TLW 7e Chapter 7 Answers

TLW 7e Chapter 7 Answers
How Cells Harvest Energy from Food
Apply Your Understanding
1. Consider the structure of a mitochondrion, shown here in a cut-away view. If you were able to
poke a hole in this mitochondrion, do you think it still would be able to perform oxidative
respiration? Explain.
No, a mitochondrion with a hole poked in it could not perform oxidative phosphorylation. The
process of ATP production in the mitochondrion is chemiosmosis, and this process relies upon
the concentration gradient which is produced by an unequal distribution of protons across the
inner mitochondrial membrane. If this membrane is disrupted, then proton can freely pass across
the membrane and the gradient is lost. Fragments of mitochondria cannot perform oxidative
phosphorylation for the same reason: there is no concentration gradient of protons.
2. Your friend Yevgeny wants to go on a low-carbohydrate diet so that he can lose some of the
“baby fat” he’s still carrying. He asks your advice. What do you tell him?
Your body must have a regular source of glucose to put into the Krebs cycle and make ATP. If
you are not taking in carbohydrates then your body can use either lipids or proteins to make
ATP. However he must take care that he watches the number of calories he eats, or he will not
lose weight, and he needs to be careful that he gets enough of the important vitamins and
minerals he needs and doesn’t get too much cholesterol. Otherwise he might lose weight but
become unhealthy in any of several other ways.

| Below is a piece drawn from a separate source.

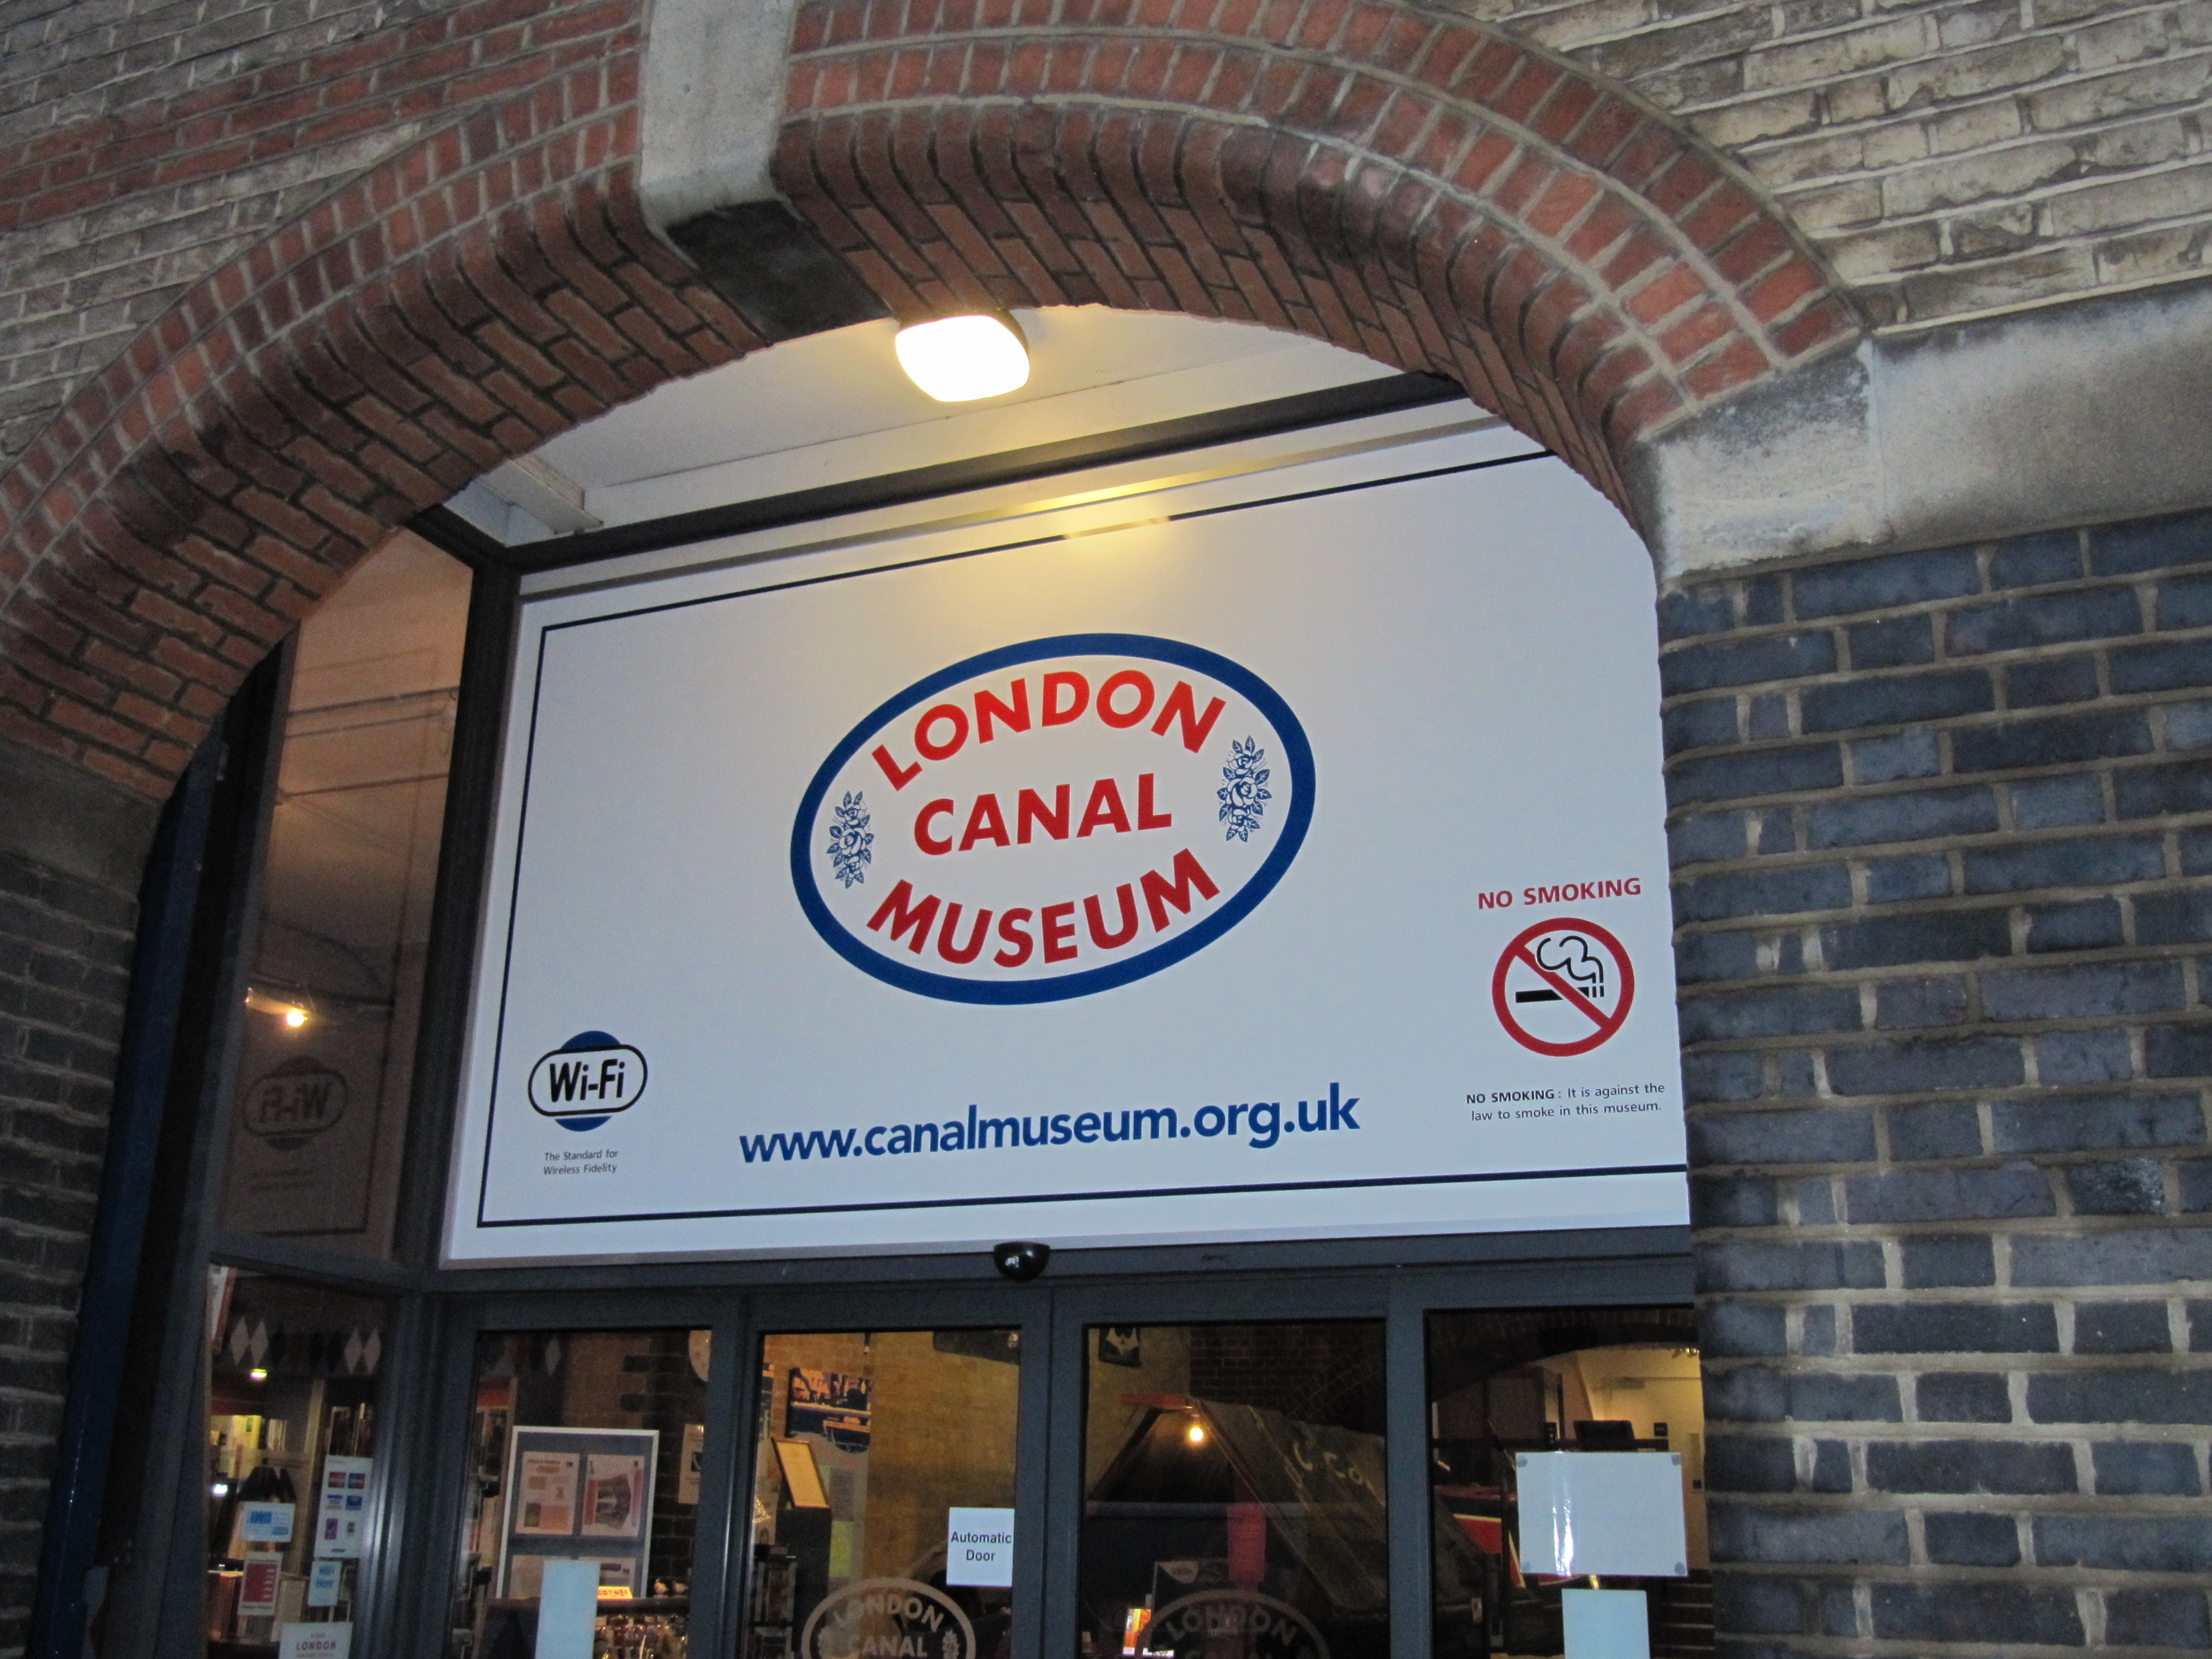 london canal museum
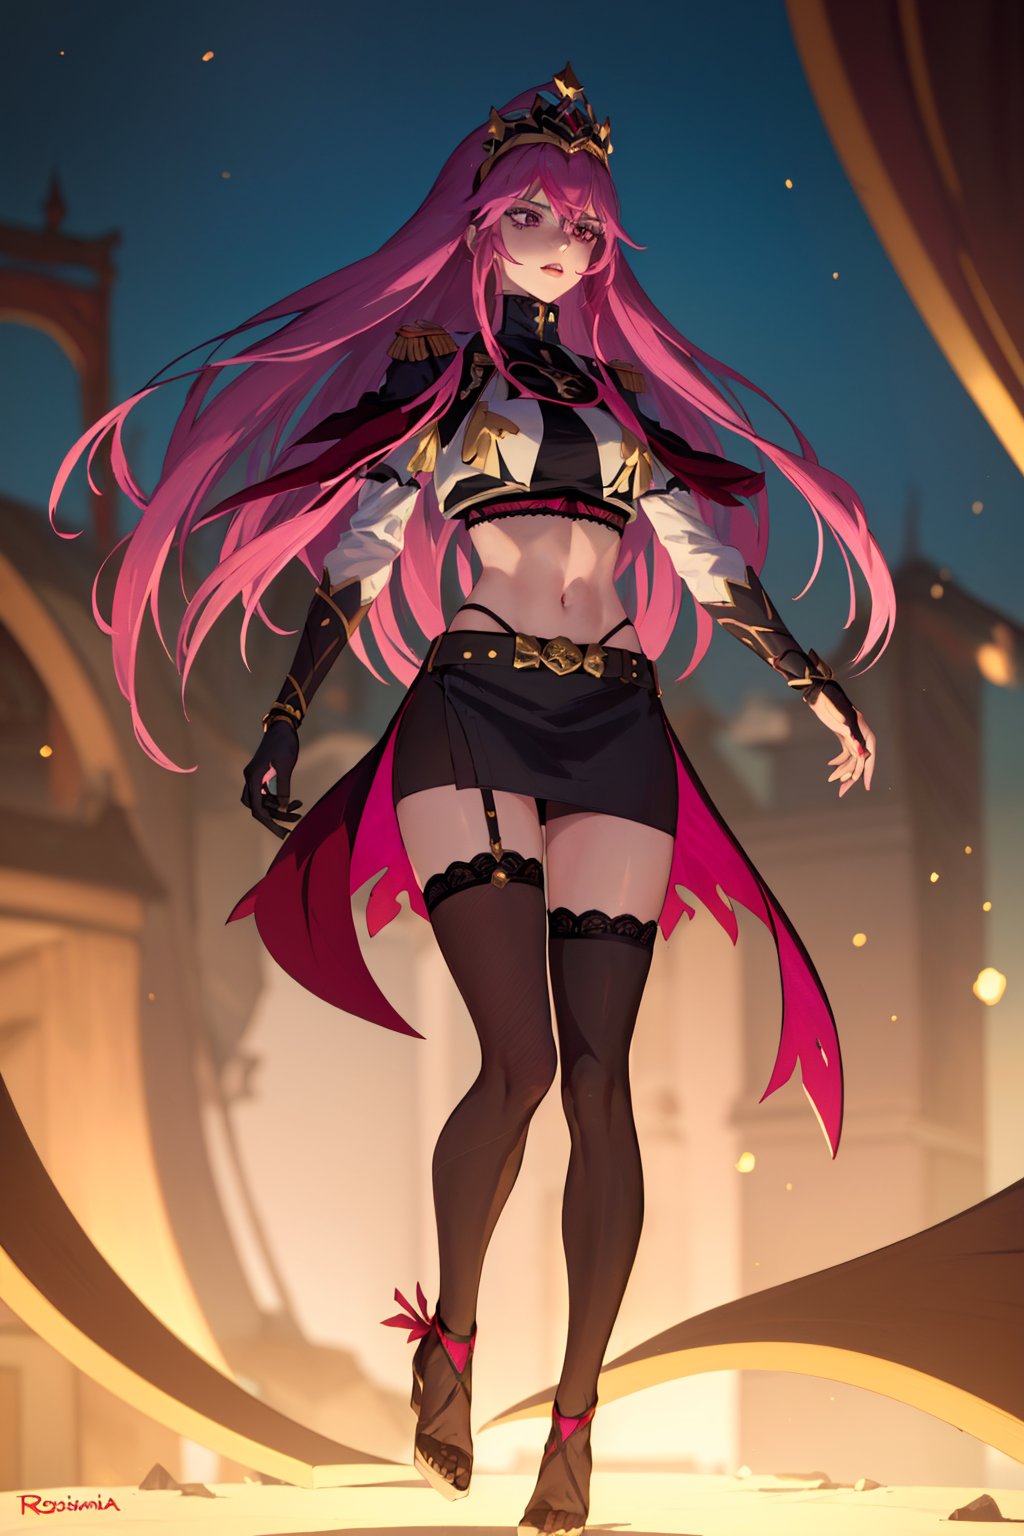 an accurate and detailed full body shot of a young adult female character named Rosaltis, a determined and mysterious aura, (Long flowing magenta hair with pink highlights:1.5), violet-indigo eyes, Seductive makeup, defined lips, (Imperial Veil Crown:1.3), (a white high collar crop top:1.7), (a gothic lace corset underneath crop top:1.4), (Long black opera gloves:1.1), (gold bracers:1.2), (A long black slit-skirt:1.3), Fishnet stockings, Red and gold garter belts, (knee-high Soft-knit wedge heels:1.2), A black belt with various trinkets, Flowing red ribbons, gold accent jewelry, masterpiece, high quality, 4K, rosaria(genshin impact), jessie pokemon, Altair Recreators<lora:EMS-12256-EMS:0.500000>, <lora:EMS-36230-EMS:0.600000>, <lora:EMS-259677-EMS:0.700000>

Synthesize What You Have Learned
1. The electron carrier cytochrome c is one of many different cytochromes, but unlike the others,
the sequence of cytochrome c is nearly identical in all species. Why do you suppose this is so?
Among humans, no genetic disorder affecting cytochrome c has ever been reported. Why do you
suppose this is so?
Cytochrome c is nearly identical in all species since virtually all species have mitochondria and
that is where the electron transport chain is located. Cytochrome c has evolved through time to
be a stable molecule necessary to carry out the transport of electrons. If cytochrome c does not
function in cells the cells would die and the organism would not be able to reproduce because it
would have never lived.
2. Which of the following food molecules would generate the most ATP molecules, assuming
that glycolysis, the Krebs cycle, and the electron transport chain were all functioning and that the
foods were consumed in equal amounts: carbohydrates, proteins, or fats? Explain your answer.
Carbohydrates would generate the most ATP because the oxidation of carbohydrates begins with
glycolysis, which produces 2 molecules of ATP per glucose. The oxidation of proteins skips
glycolysis, because amino acids feed into the process later, and therefore doesn’t produce these
2 molecules of ATP. Likewise, the products of the breakdown of fatty acids feed into the pathway
after glycolysis, again missing the ATPs generated during glycolysis.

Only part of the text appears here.